**ACTION ITEM:** Copy everything in the listing below word for word, apart from any images.

**COLLECTED MATERIAL:**
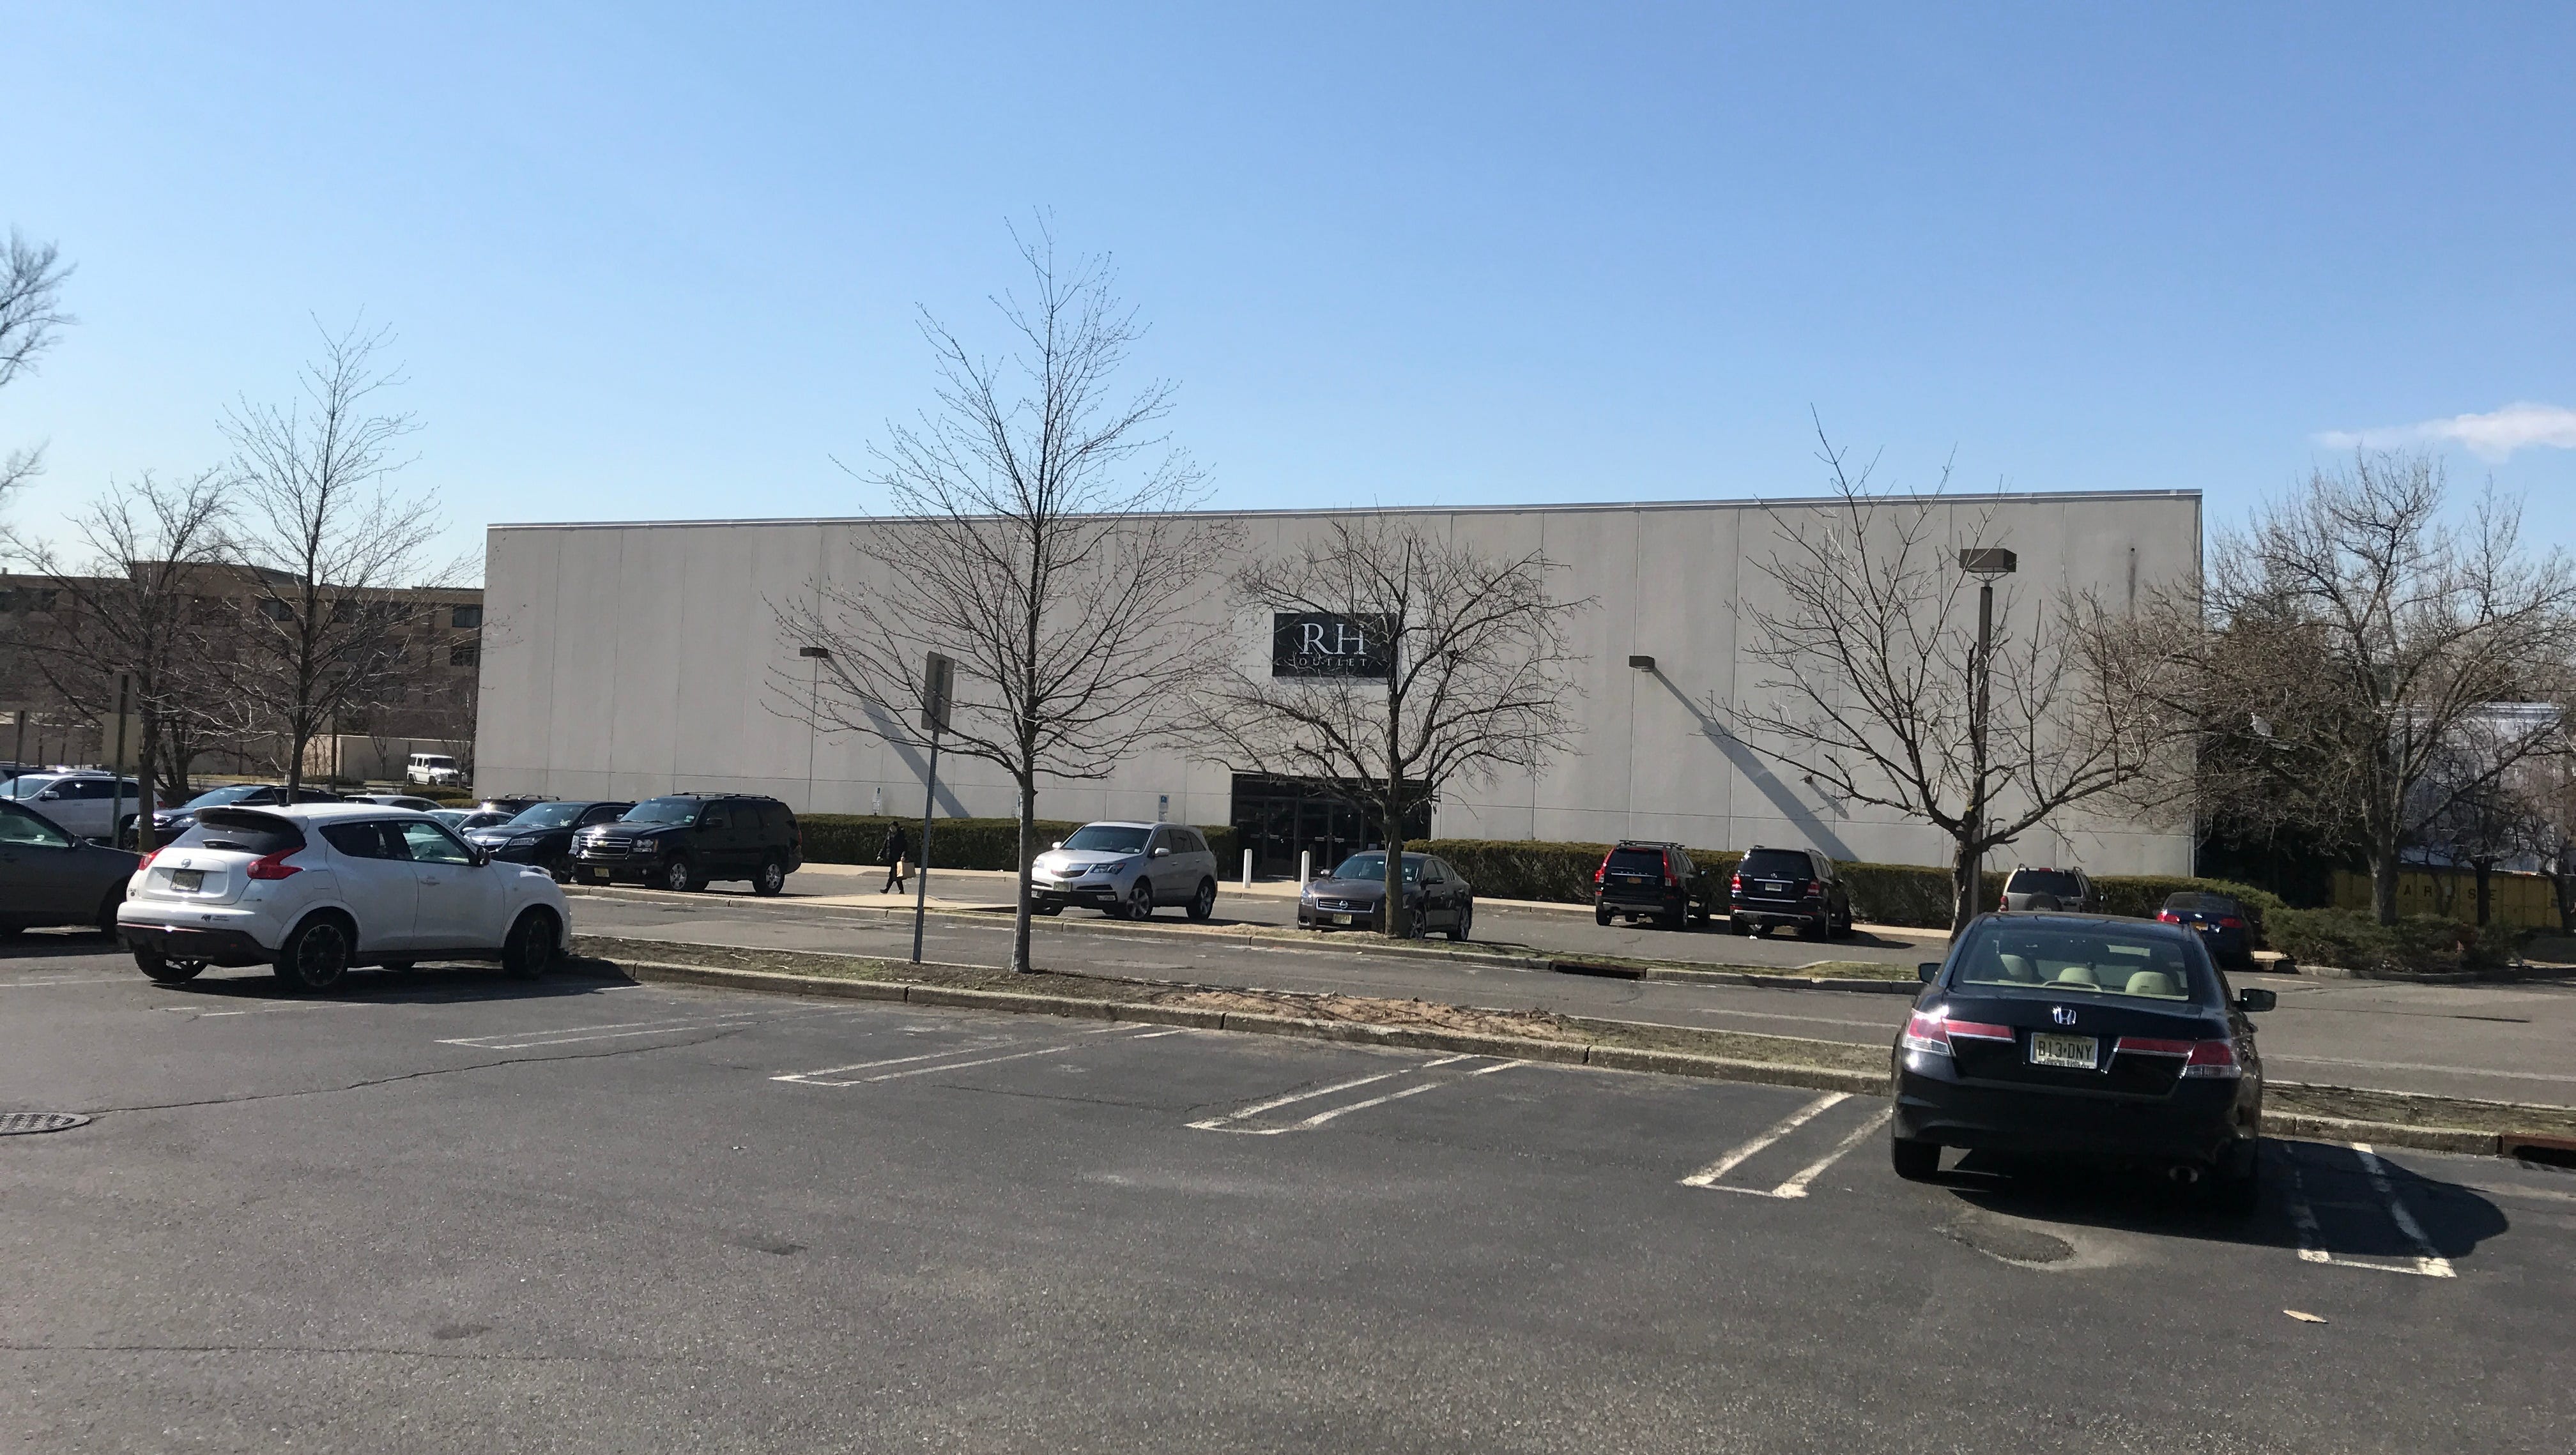 Nice restoration hardware outlet westbury Used Car Superstore Proposed For Syms Site In Paramus
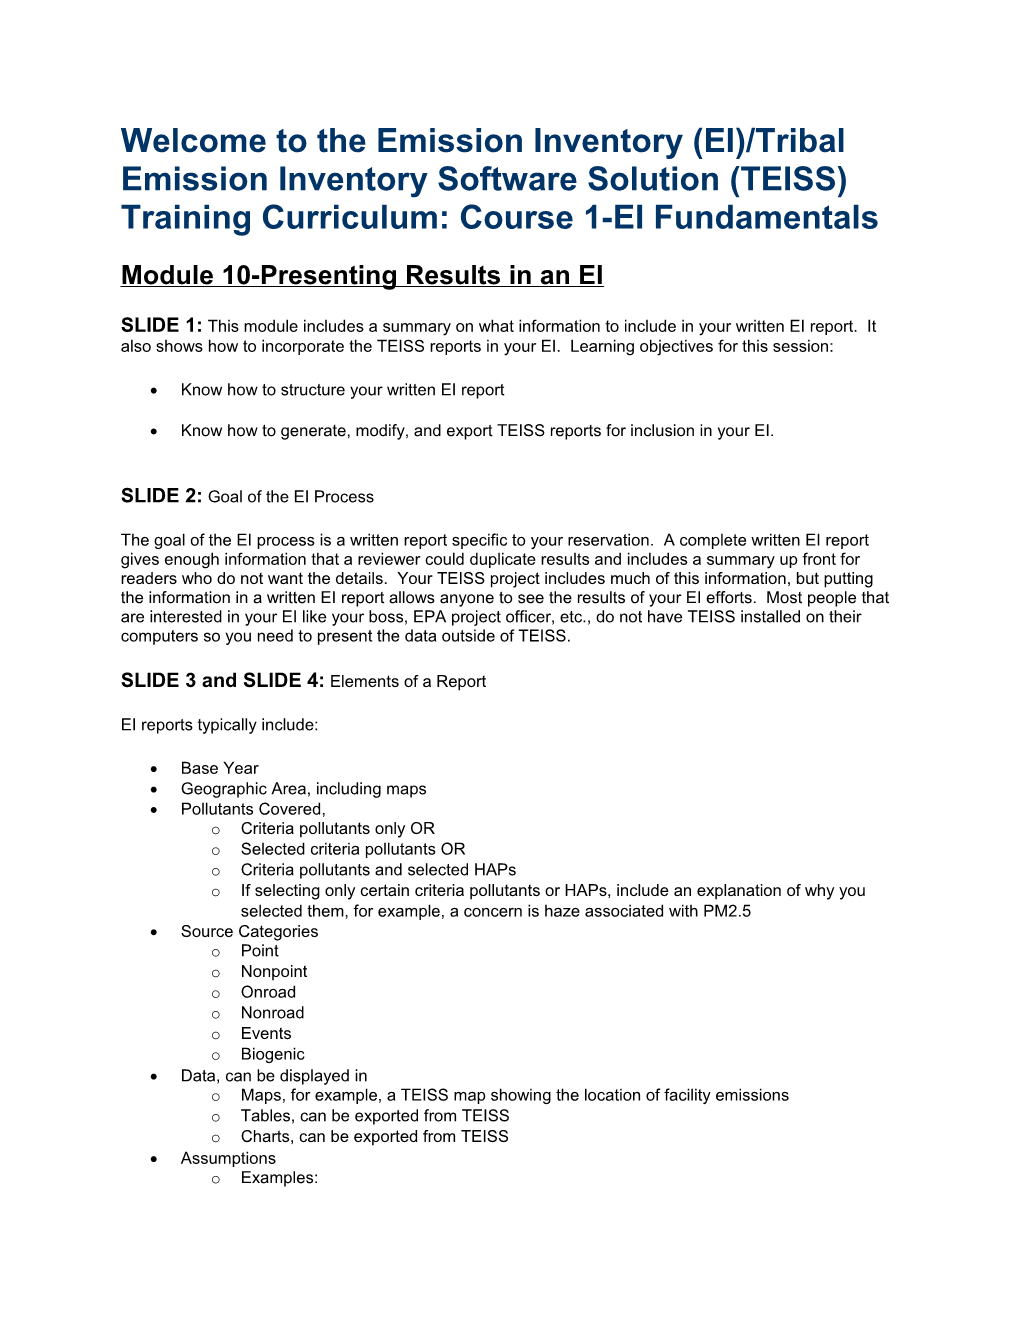 Welcome to the Emission Inventory (EI)/Tribal Emission Inventory Software Solution (TEISS)
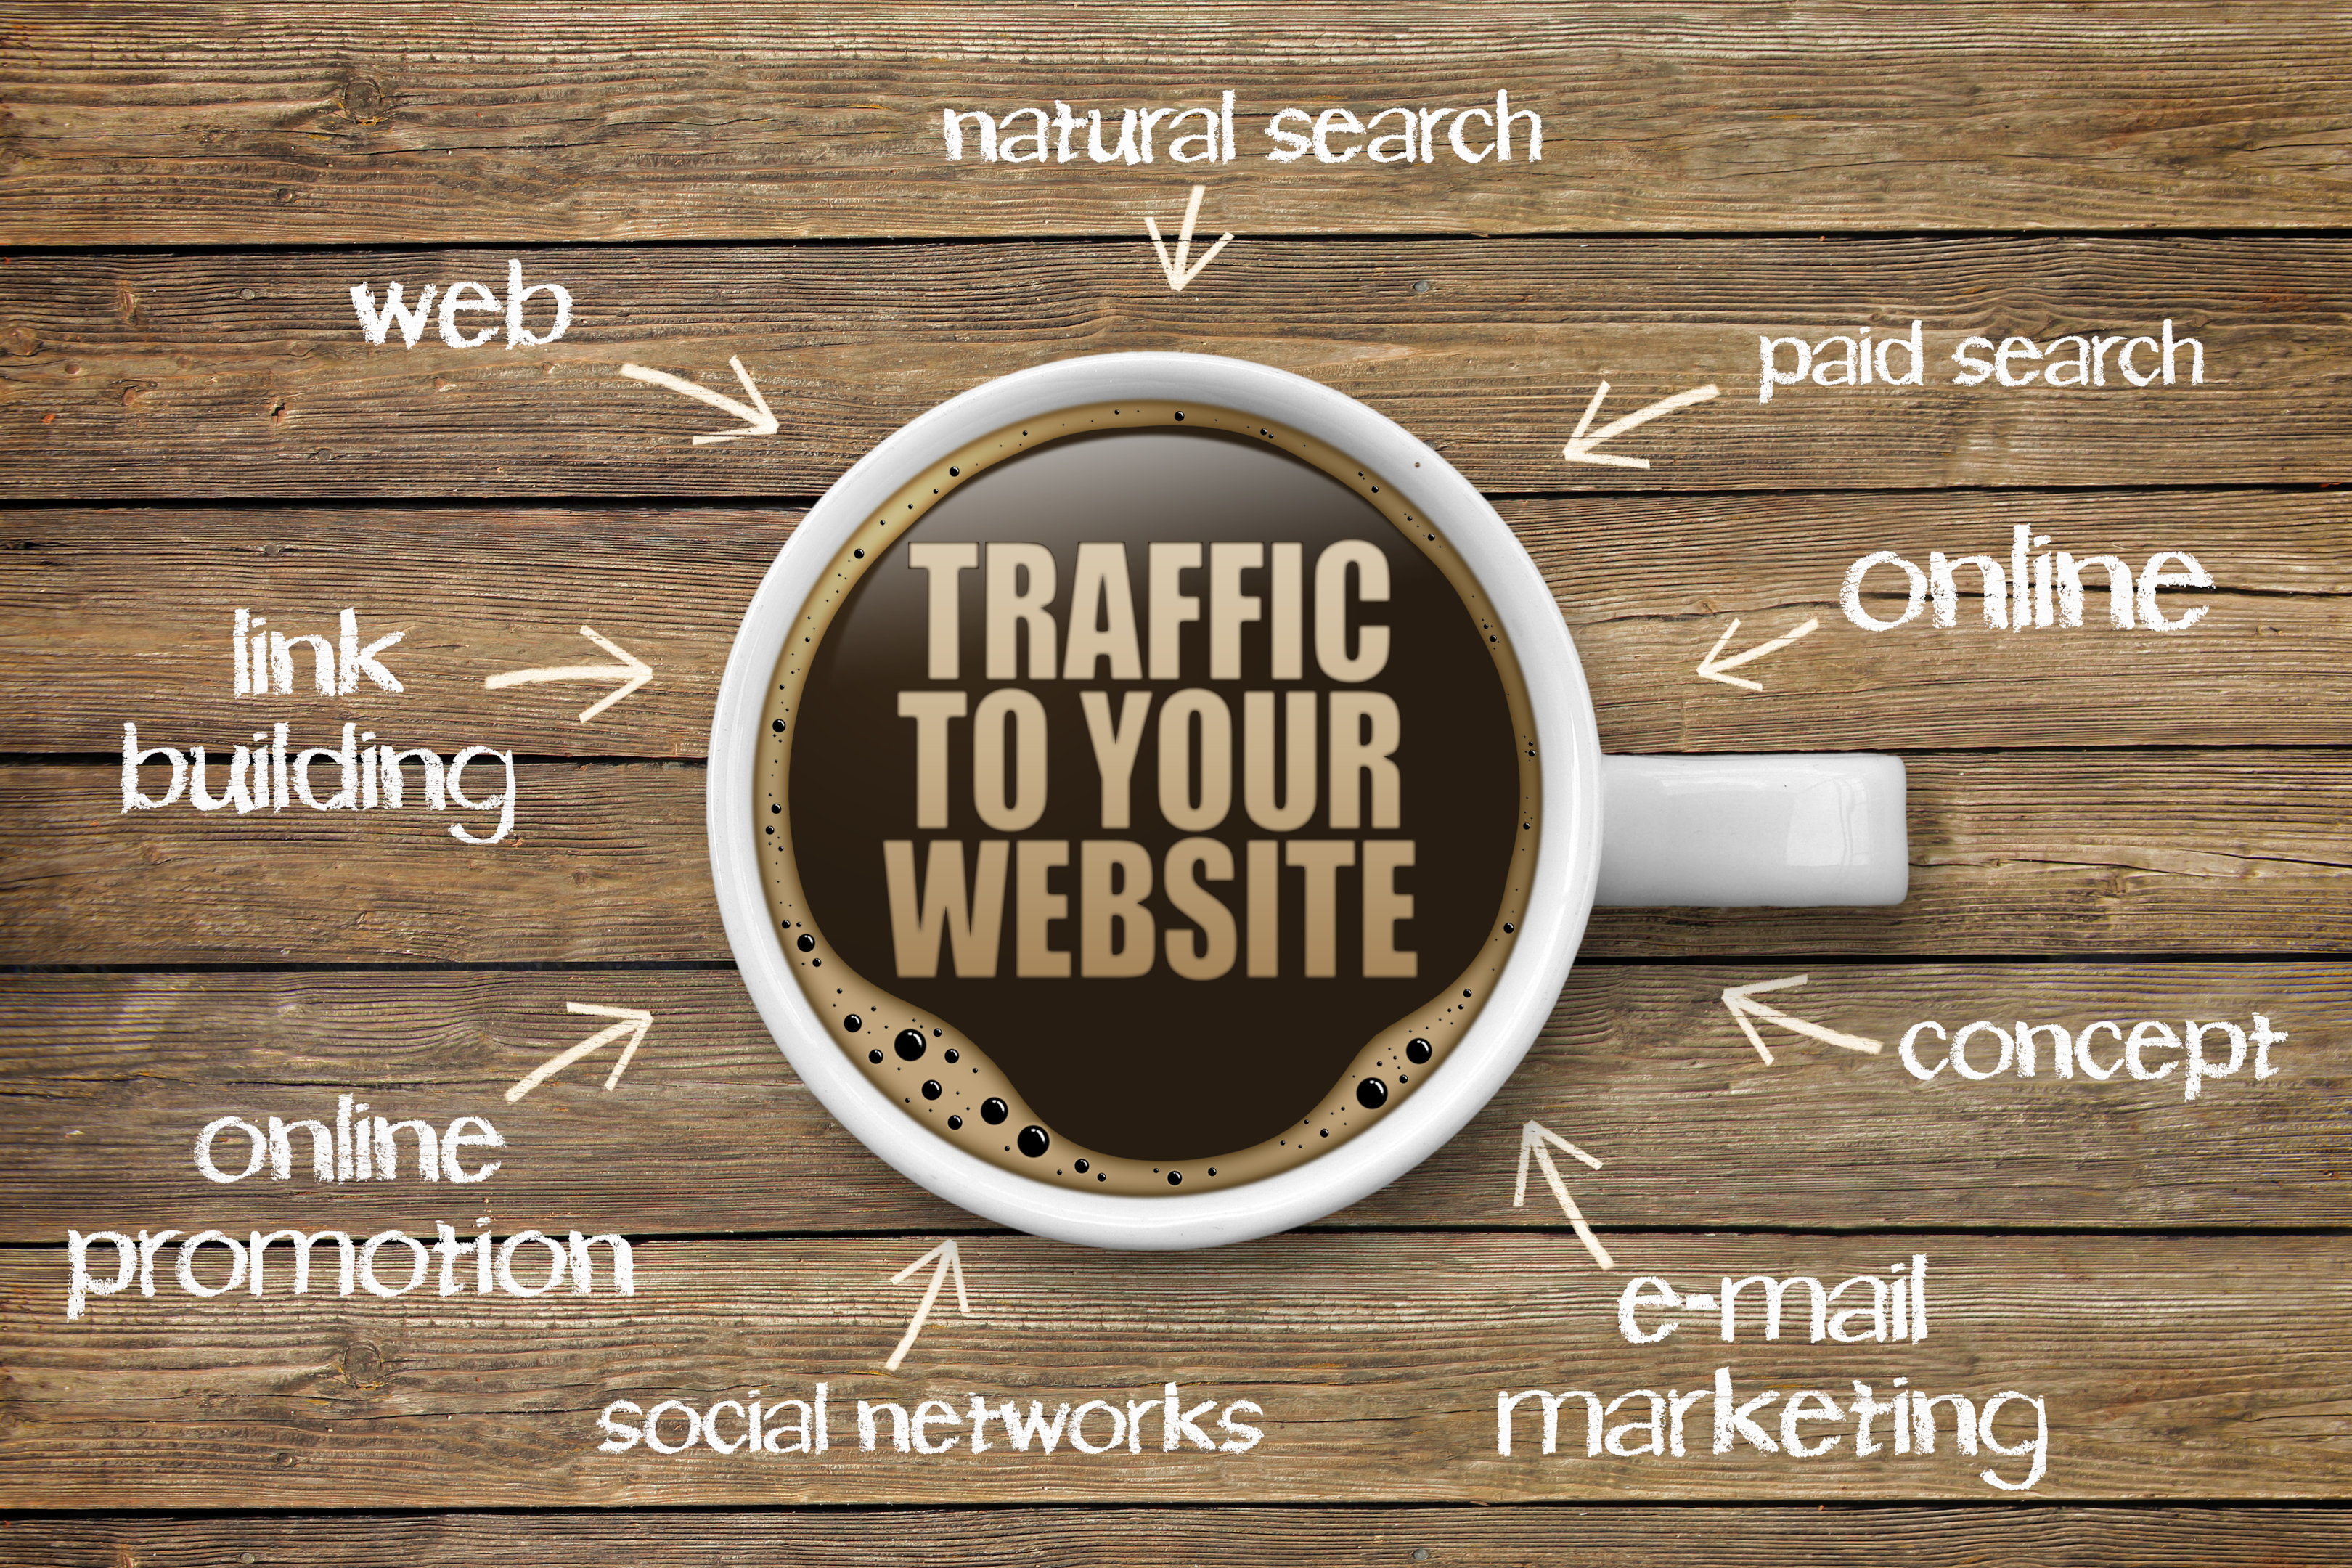 Website traffic comes from many sources. Your site can benefit from paid search when it is used effectively.

**COMPLETED TASK:**
 Nice restoration hardware outlet westbury Used Car Superstore Proposed For Syms Site In Paramus
 Welcome to the Emission Inventory (EI)/Tribal Emission Inventory Software Solution (TEISS)
 Website traffic comes from many sources. Your site can benefit from paid search when it is used effectively.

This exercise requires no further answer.